» **Task details**
Copy out precisely the lines of the material that follows, beginning with the line containing "Le poids est d'environ 15 kg (55 lbs)." and ending with its last line; exclude pictures.
☆ ☆ ☆ ☆
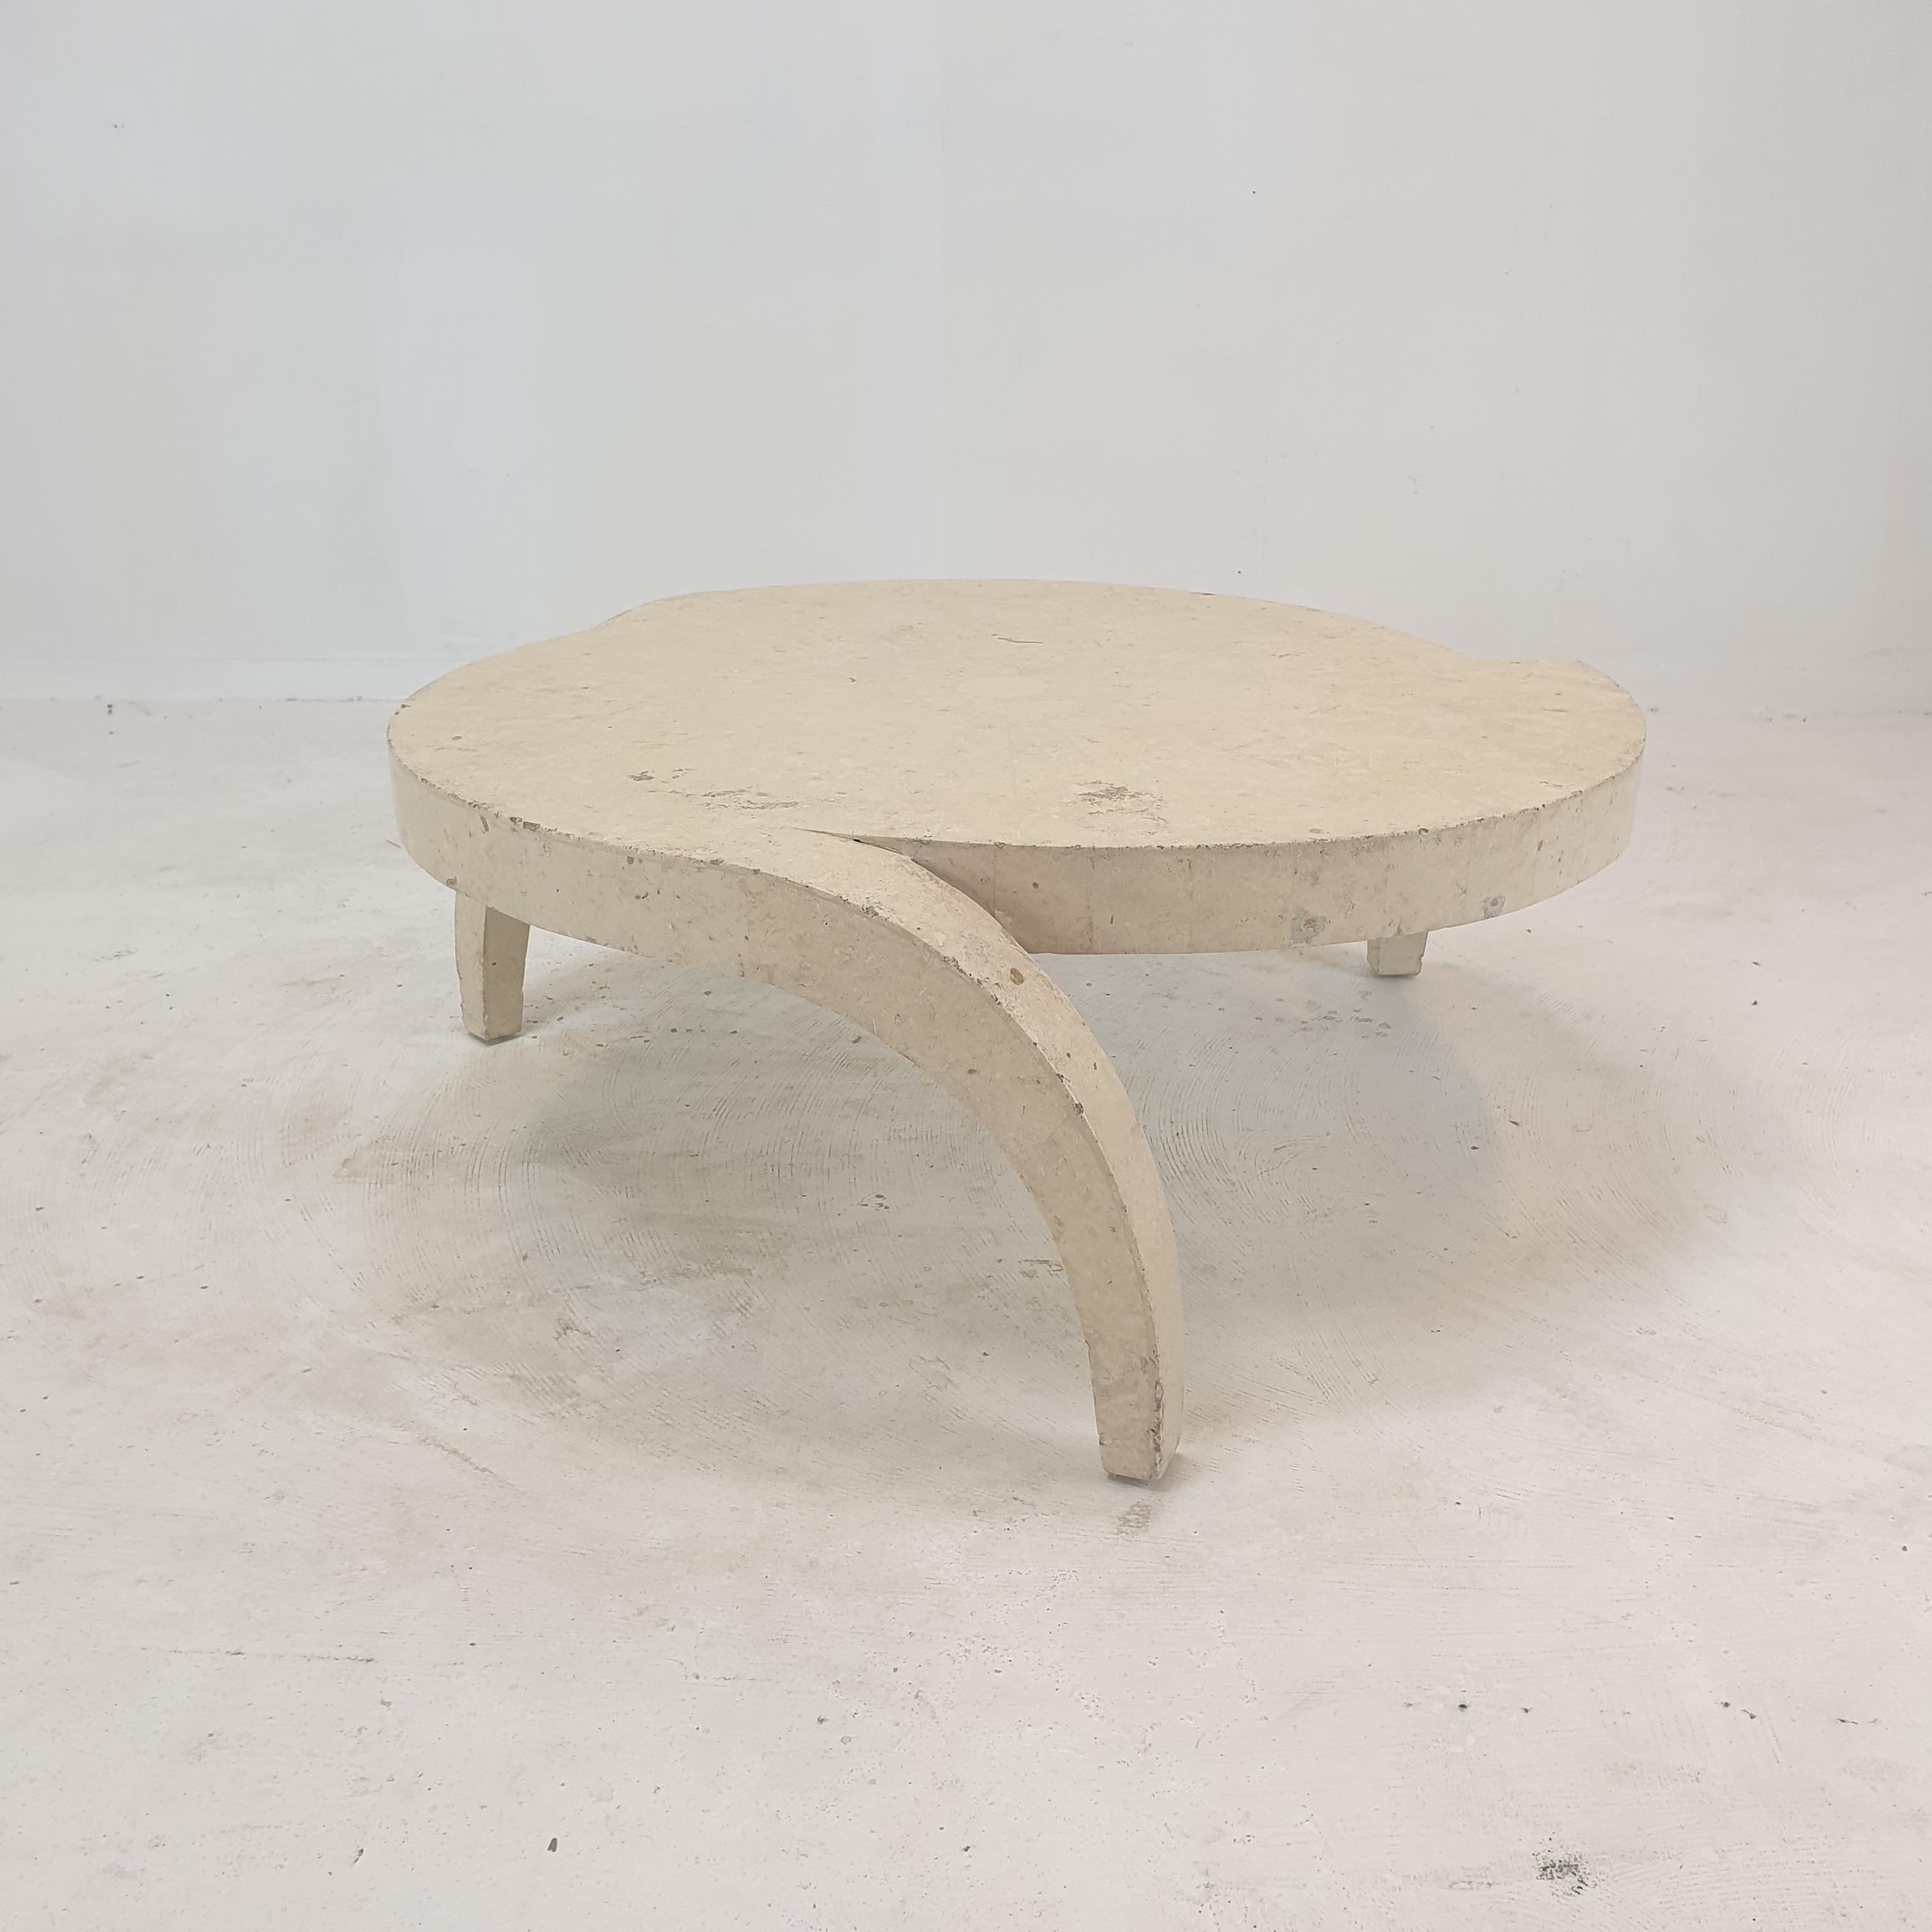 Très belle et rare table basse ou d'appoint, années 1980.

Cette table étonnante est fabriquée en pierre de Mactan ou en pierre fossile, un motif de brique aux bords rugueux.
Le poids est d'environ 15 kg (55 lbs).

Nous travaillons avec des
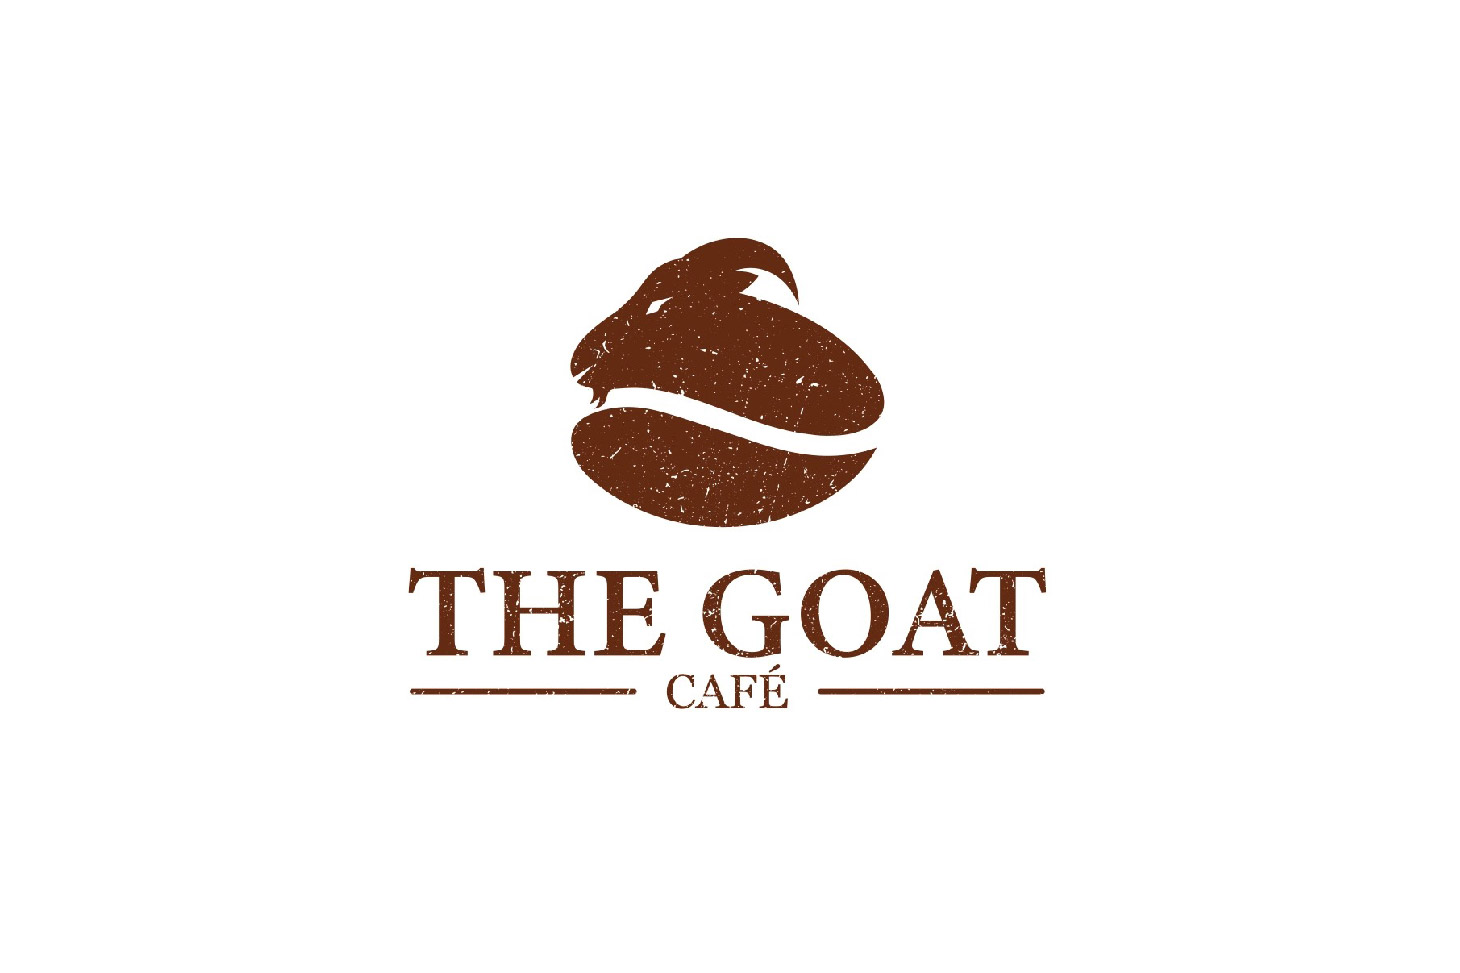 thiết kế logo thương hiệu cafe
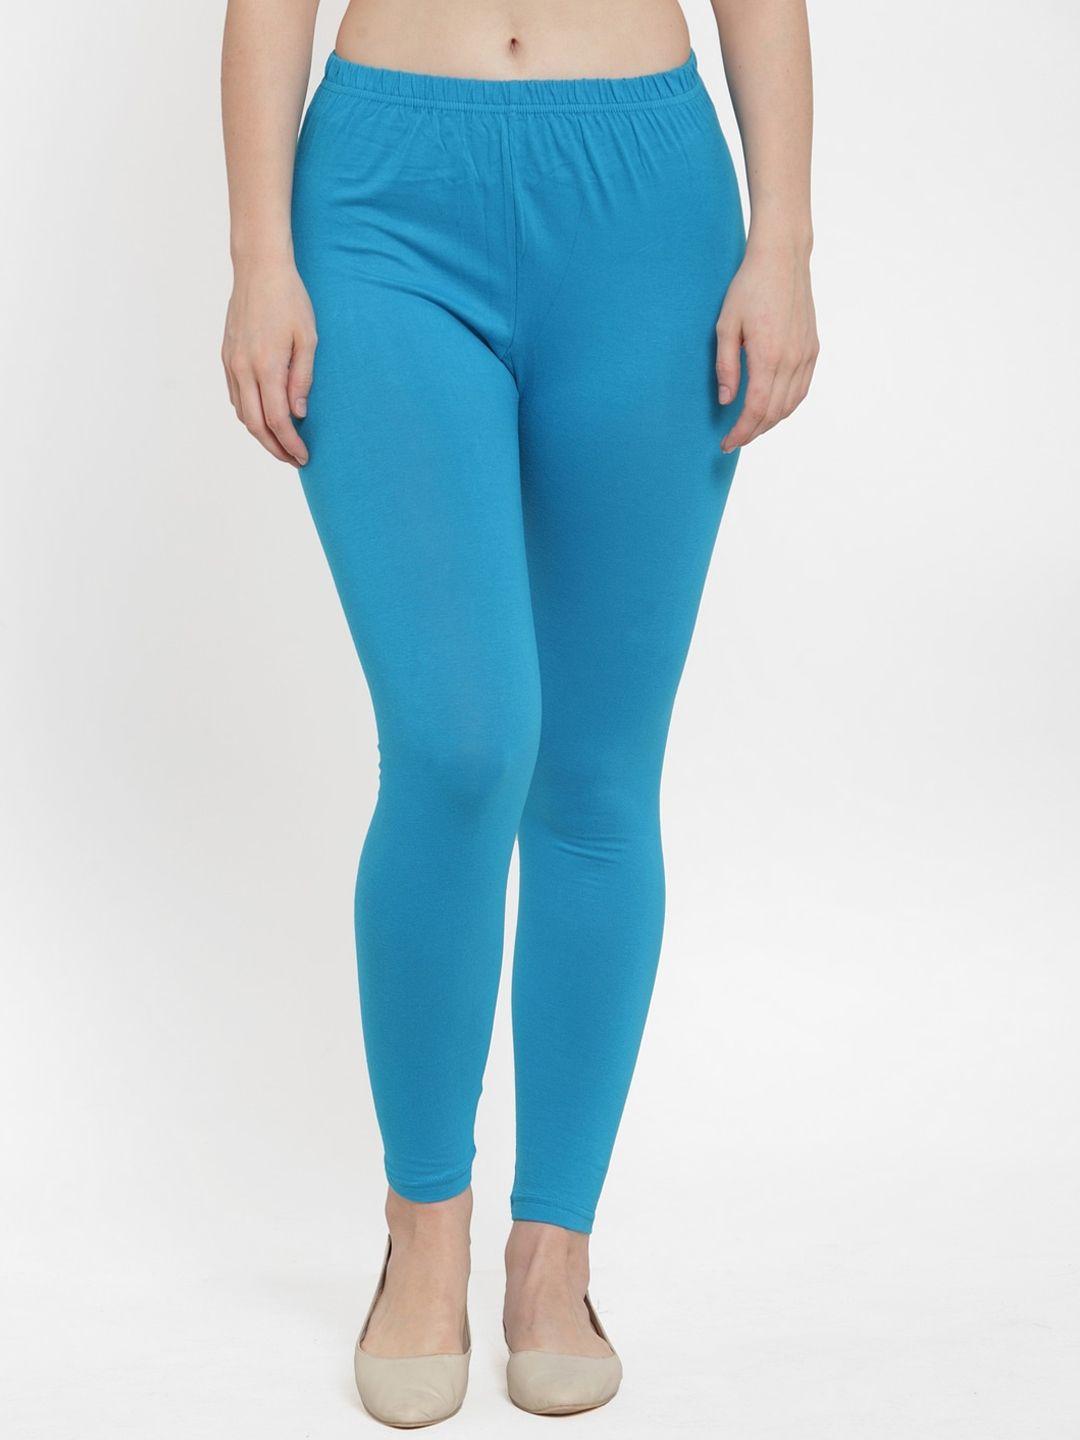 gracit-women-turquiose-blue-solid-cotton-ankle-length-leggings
☆ ☆ ☆ ☆
» **Output**
Le poids est d'environ 15 kg (55 lbs).

Nous travaillons avec des
 thiết kế logo thương hiệu cafe
 gracit-women-turquiose-blue-solid-cotton-ankle-length-leggings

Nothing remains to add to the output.